橘さんがいてくれたからこそ、彼と出会う事が出来たんだもの。一太と彼が親子になれたんだもの。感謝しても仕切れない。
「ううん」
彼に余計な心配を掛けまいと笑顔で返した。
「そうやってまた無理する。焼きもちを妬きたかったら妬けばいいだよ。俺みたくさぁ」
クスッと自嘲すると、おでこにちゅっと軽くキスをしてくれた。
「そんだけ未知が俺を愛してくれる。男冥利に尽きるよ。ありがとう」
片方の手が肩に回って来て静かに抱き寄せられた。
広い胸に顔を寄せると、ちゅ、と音を立ててうなじに吸い付かれた。小さく震えると腰に回って来た腕が強くなった。

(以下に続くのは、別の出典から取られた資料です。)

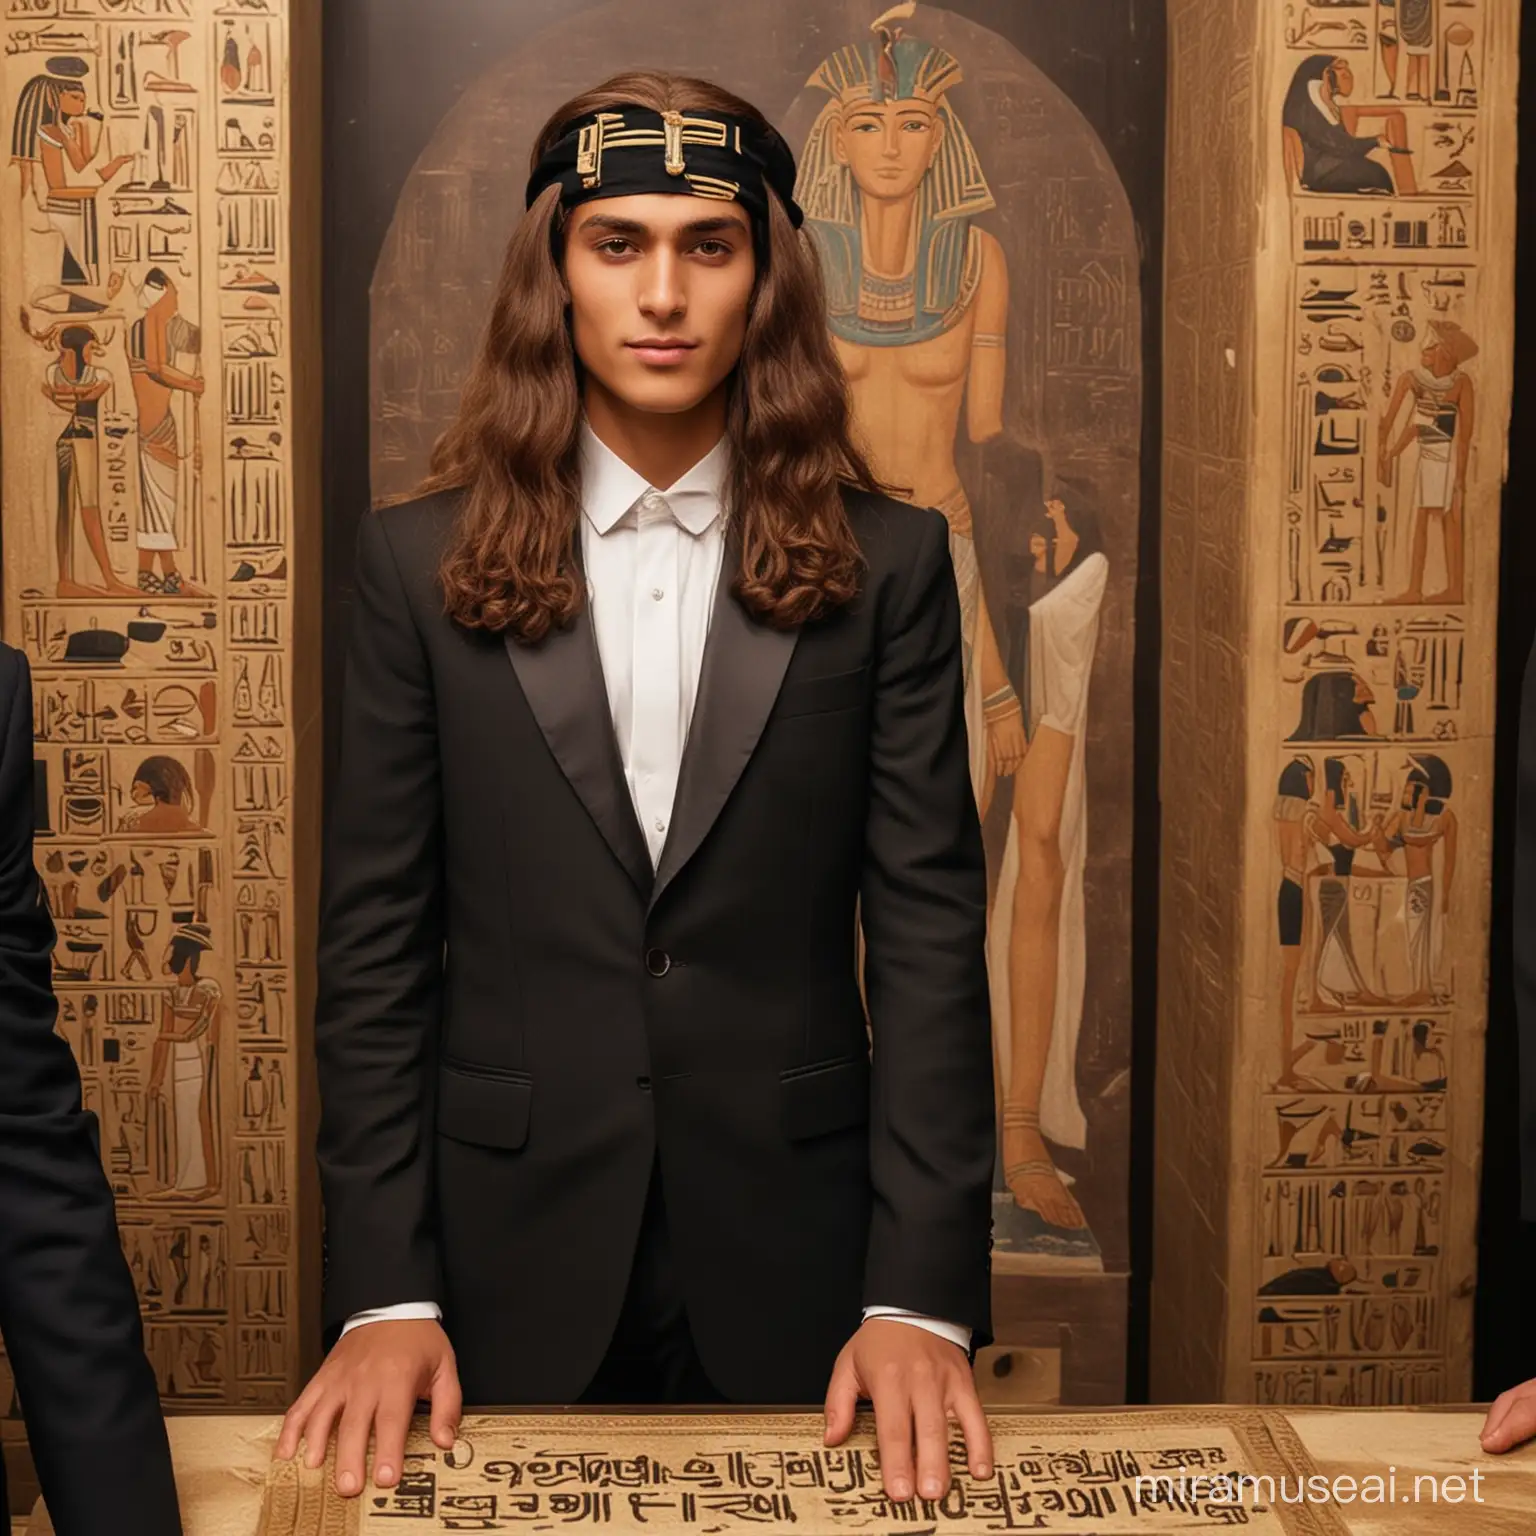 The son of Pharaoh Akhanaton has long hair at an official party, wearing formal clothes and a black suit, and behind him is the sign of Egyptian civilization.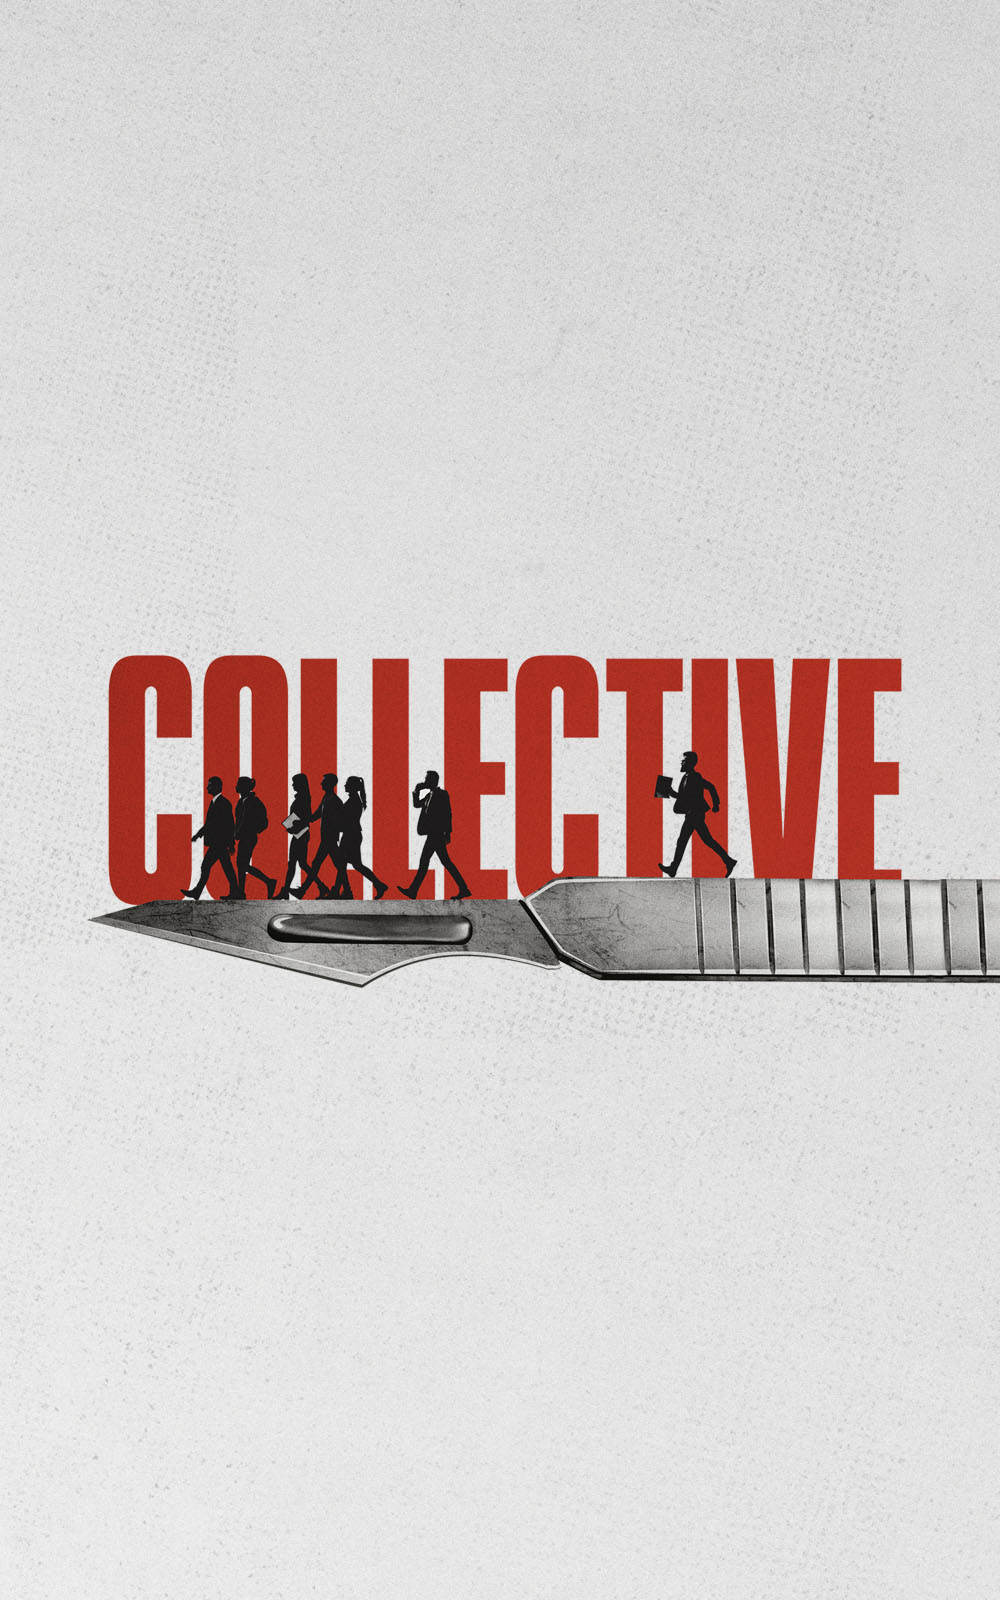 Collective - Poster

「首筋、無防備過ぎないか?ただでさえ不埒な輩が多いんだ。気を付けてもらわないと困る」
「はる、さん……」
あ、と小さく喘いで名前を呼ぶと、その唇がそっと塞がれた。
軽く吸ってくる動きに自然に唇が開いて、出来た隙間に肉厚な彼の舌が滑り込んでくる。
こくんと小さく喉が鳴り、恥ずかしいと思っている間に口の中に濡れた何かが侵入してきた。
「んん……っ」
久し振りの濃厚なキスは甘いフルーツの味がした。